::: TASK INPUT :::

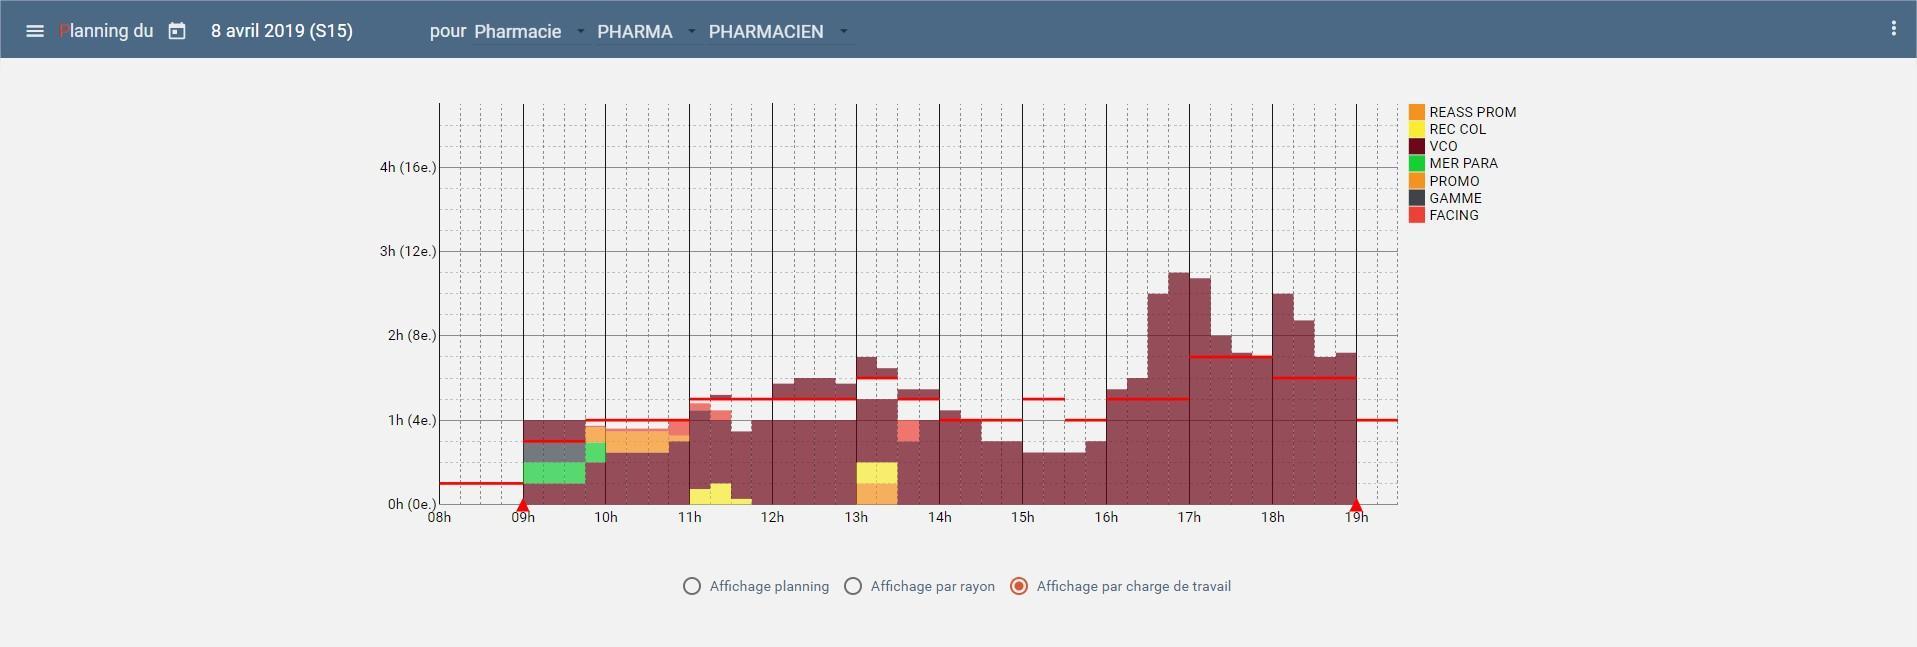 TimeSkipper Pharma charge de w - Google Chrome.jpg
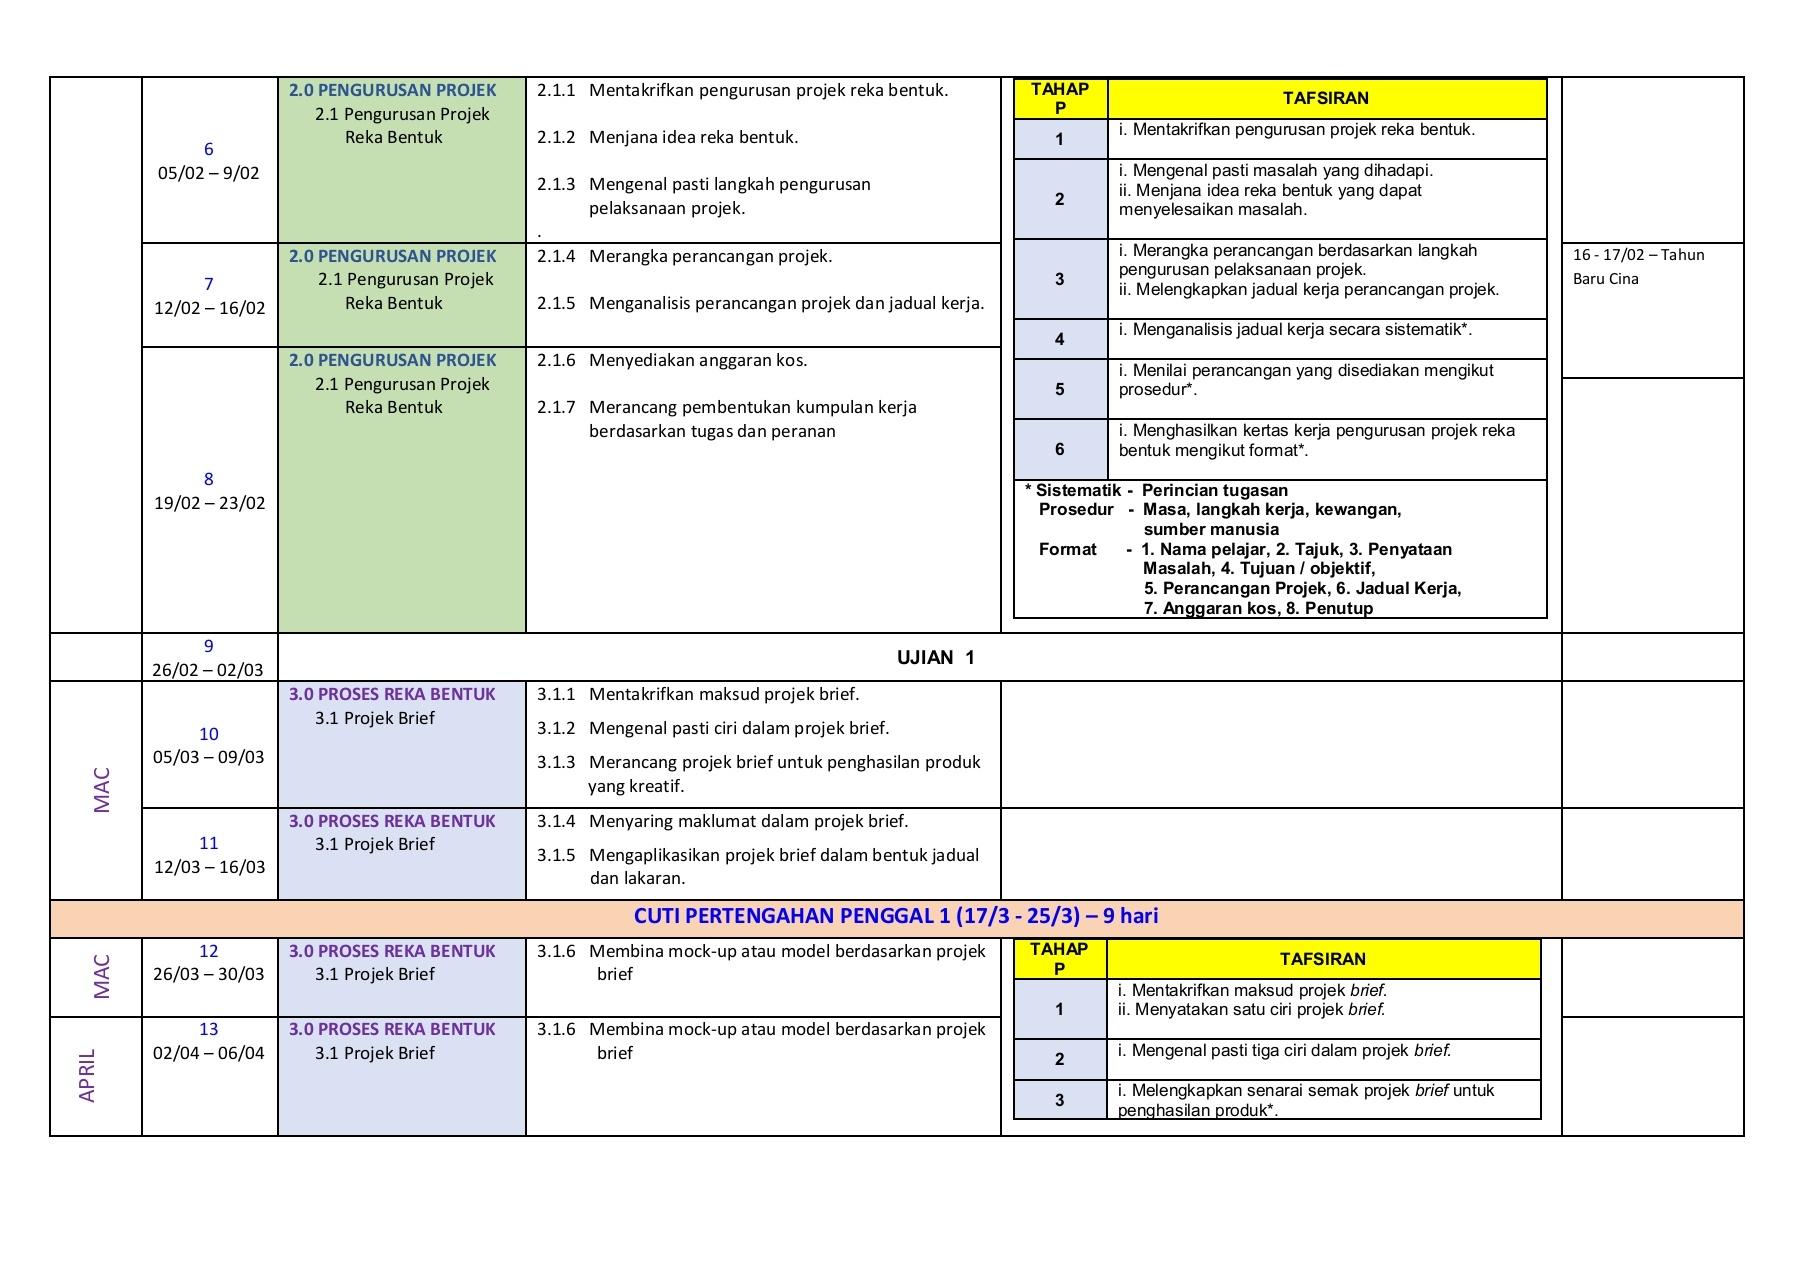 Rpt Reka Bentuk Teknologi Tahun 4 Power Rpt Rbt Ting 1 2018 Pages 1 7 Text Version Anyflip Of Jom Dapatkan Rpt Reka Bentuk Teknologi Tahun 4 Yang Bermanfaat Khas Untuk Para Guru Lihat!
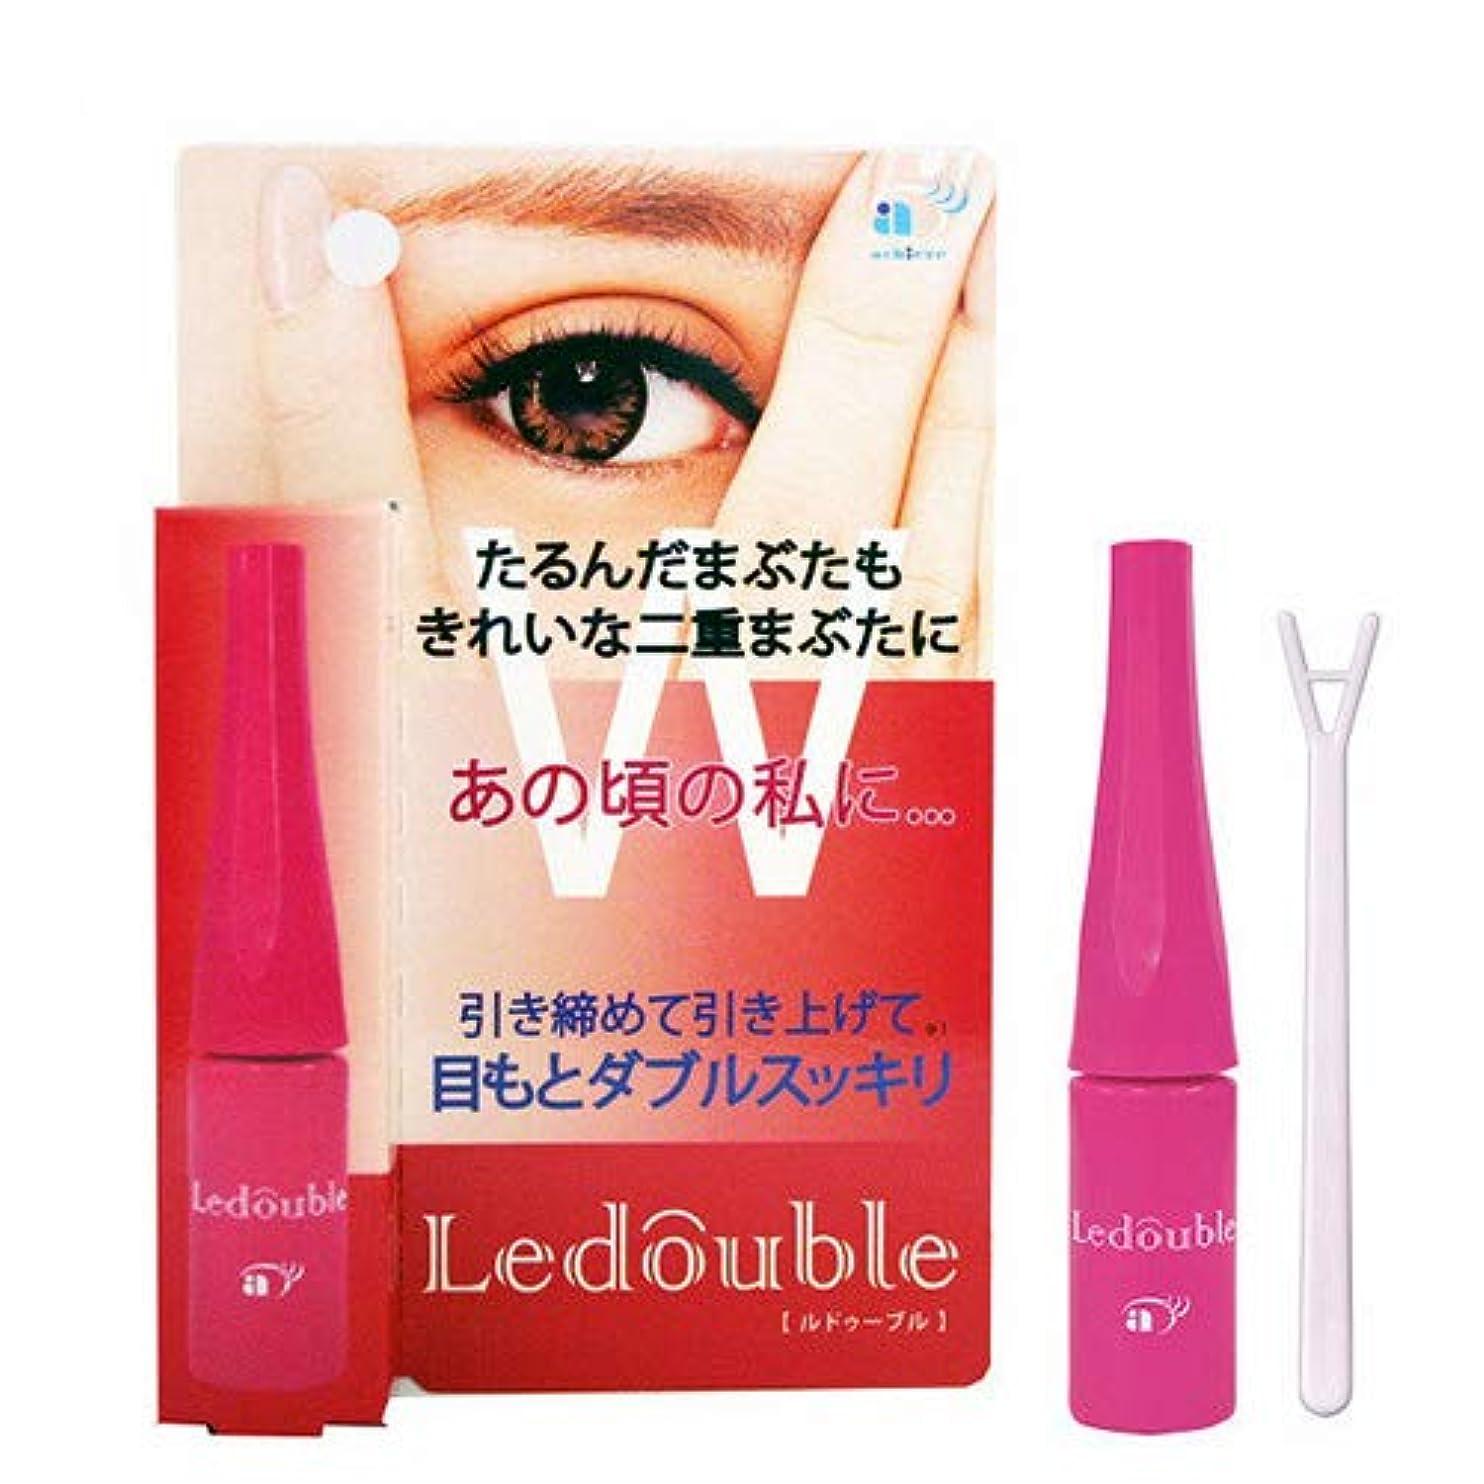 不十分なアジテーション輝度大人のLedouble [大人のルドゥーブル] 二重まぶた化粧品 (4mL)×2個セット
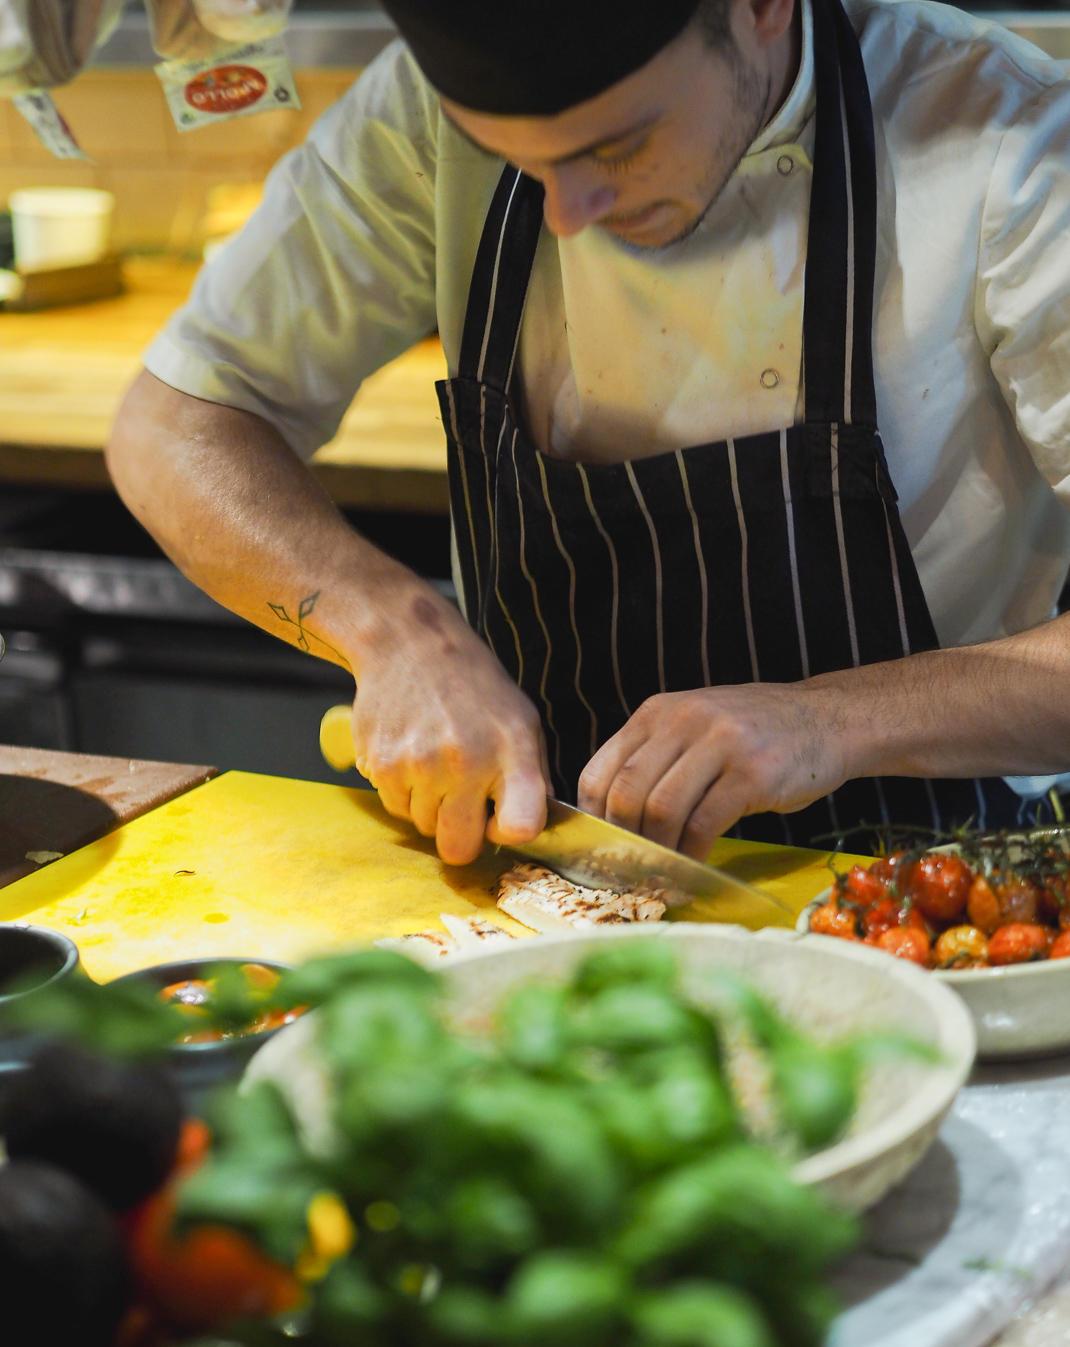 chef slicing chicken breast
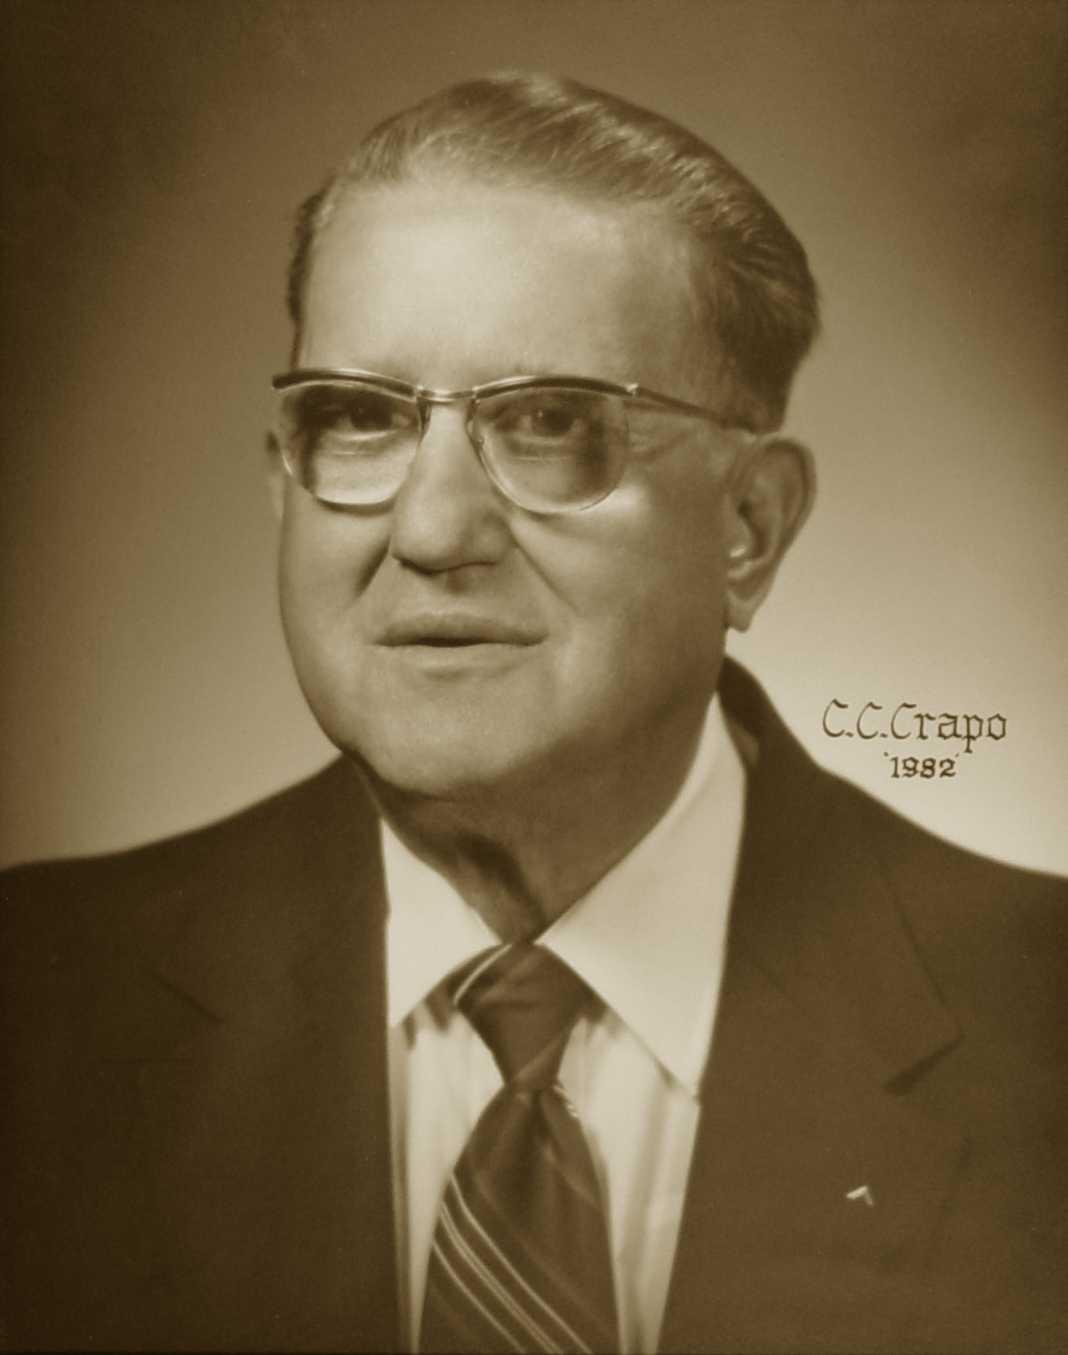 C. C. Crapo, 1982

:::

### [EXERCISE BRIEF]
Exact copy, no pictures: return the entries word for word.

### [SOLVED PROBLEM]
 TimeSkipper Pharma charge de w - Google Chrome.jpg
 Rpt Reka Bentuk Teknologi Tahun 4 Power Rpt Rbt Ting 1 2018 Pages 1 7 Text Version Anyflip Of Jom Dapatkan Rpt Reka Bentuk Teknologi Tahun 4 Yang Bermanfaat Khas Untuk Para Guru Lihat!
 不十分なアジテーション輝度大人のLedouble [大人のルドゥーブル] 二重まぶた化粧品 (4mL)×2個セット
 chef slicing chicken breast
 C. C. Crapo, 1982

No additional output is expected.